The factions are also really interesting and have their own sort of style; on my first play through I sided with the minutemen and set about uniting the settlements of the commonwealth, basically creating a people’s army. I don’t know what it is about this game that’s different from elder scrolls, in Skyrim and Oblivion I really didn’t see a problem with joining the mages guild and using the magic I learned for a little bit of thieving on the side. Or joining the fighter’s guild and then turning those talents to assassination, but in F4 the factions are a little more involved, a little more compelling. I couldn’t swear allegiance to the minutemen and then swear an oath of service to the Brotherhood of steel, it really feels like you’re either one or other and each faction is heavily tied into the main plot of the game unlike in Elder scrolls where each faction is its own quest line in a way. I can’t say which I like more to be honest; I think they both have merit.
The game play is great, the exploration (which is always the crux of rpgs like this) is top notch, the anal crafting is minecraft levels of addictive, I literally had to pull myself away from it just to actually play the game main game it’s so intoxicatingly addictive.

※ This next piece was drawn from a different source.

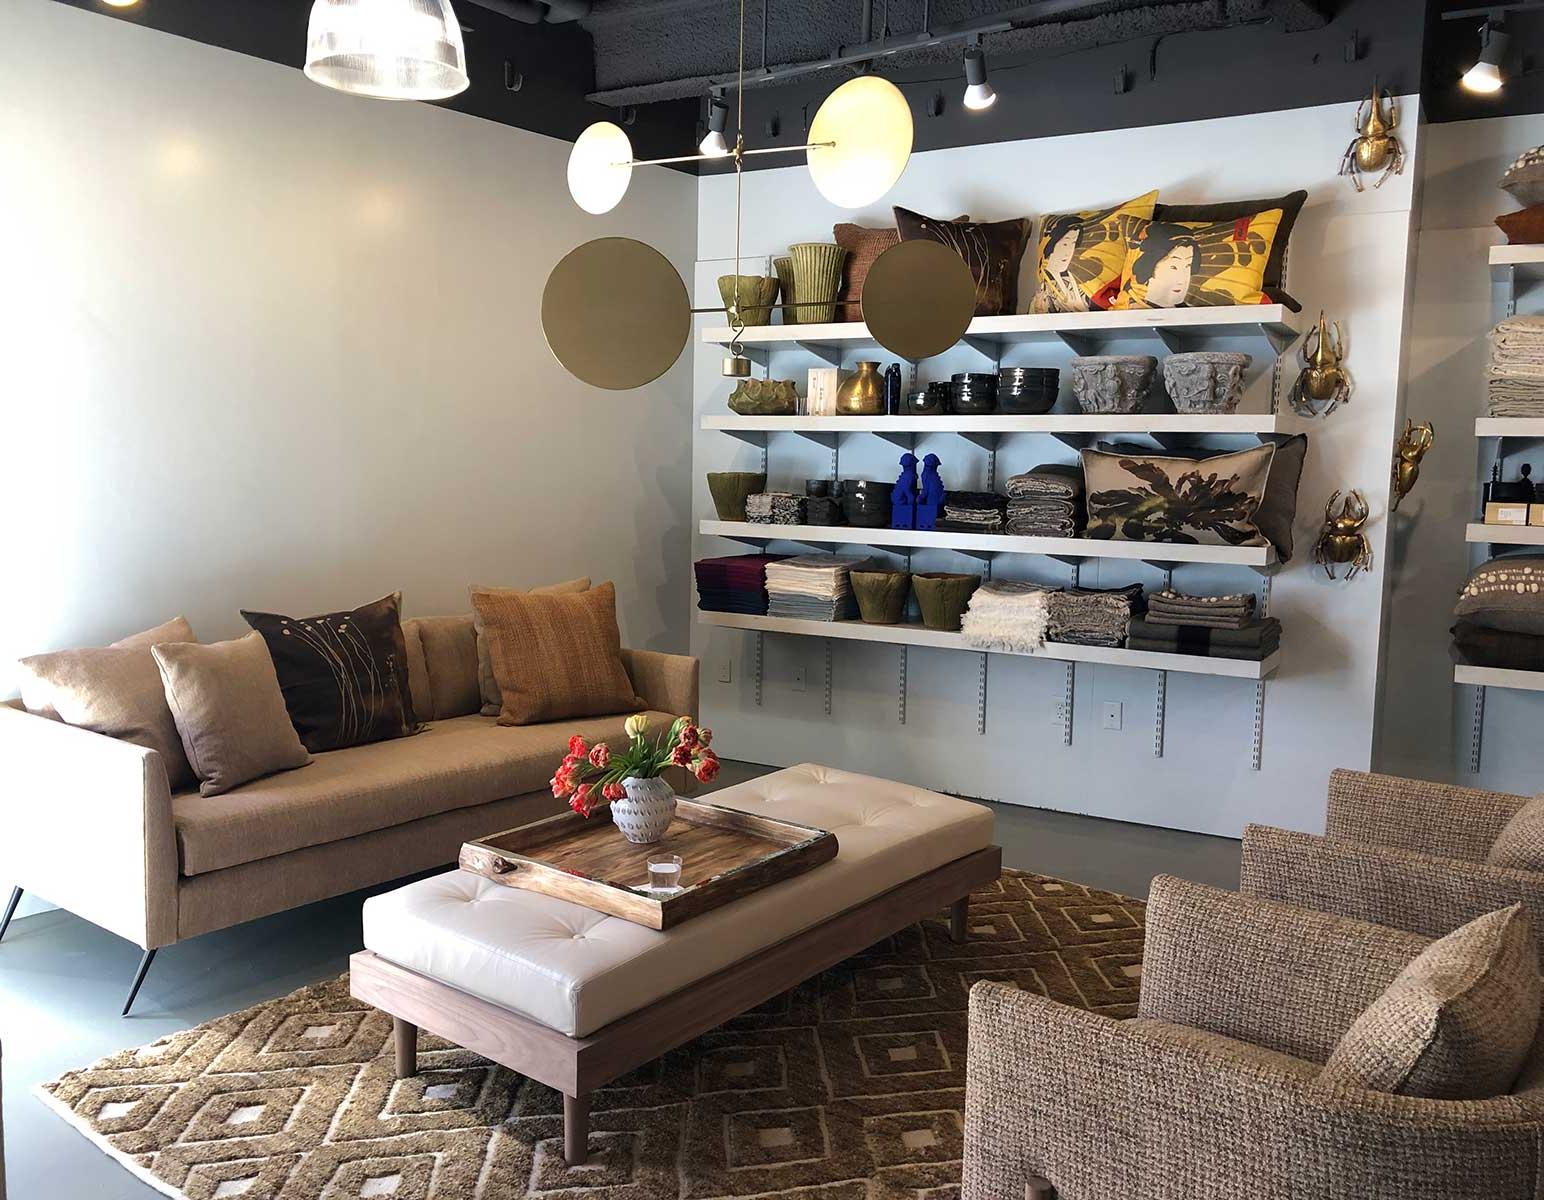 ARTEFACT's new store in Boston's South End

I think they really nailed the levelling and perk system too; it’s perfect for someone like me that likes to create a lot of distinct characters and loathes everyman grinders who spend ages making a character that’s good at literally everything. I’m sitting her playing my talker, small guns character and I can’t wait to start a big guns character who swings bats at people, now I’m playing that character and I can’t wait to play my slashy stealthy character who uses silenced weapons and crafts his own explosive traps.
But the game as a lot of people have said; is not really an rpg, the dialogue wheel is a little stunted and the voice actor does make it seem like you’re further away from the actions than you’d like.
Overall, I’m enthralled by it, I want to get lost in it, I almost feel like I rush it just to try and absorb everything I can get, I want to experience everything and I can’t wait for dlc.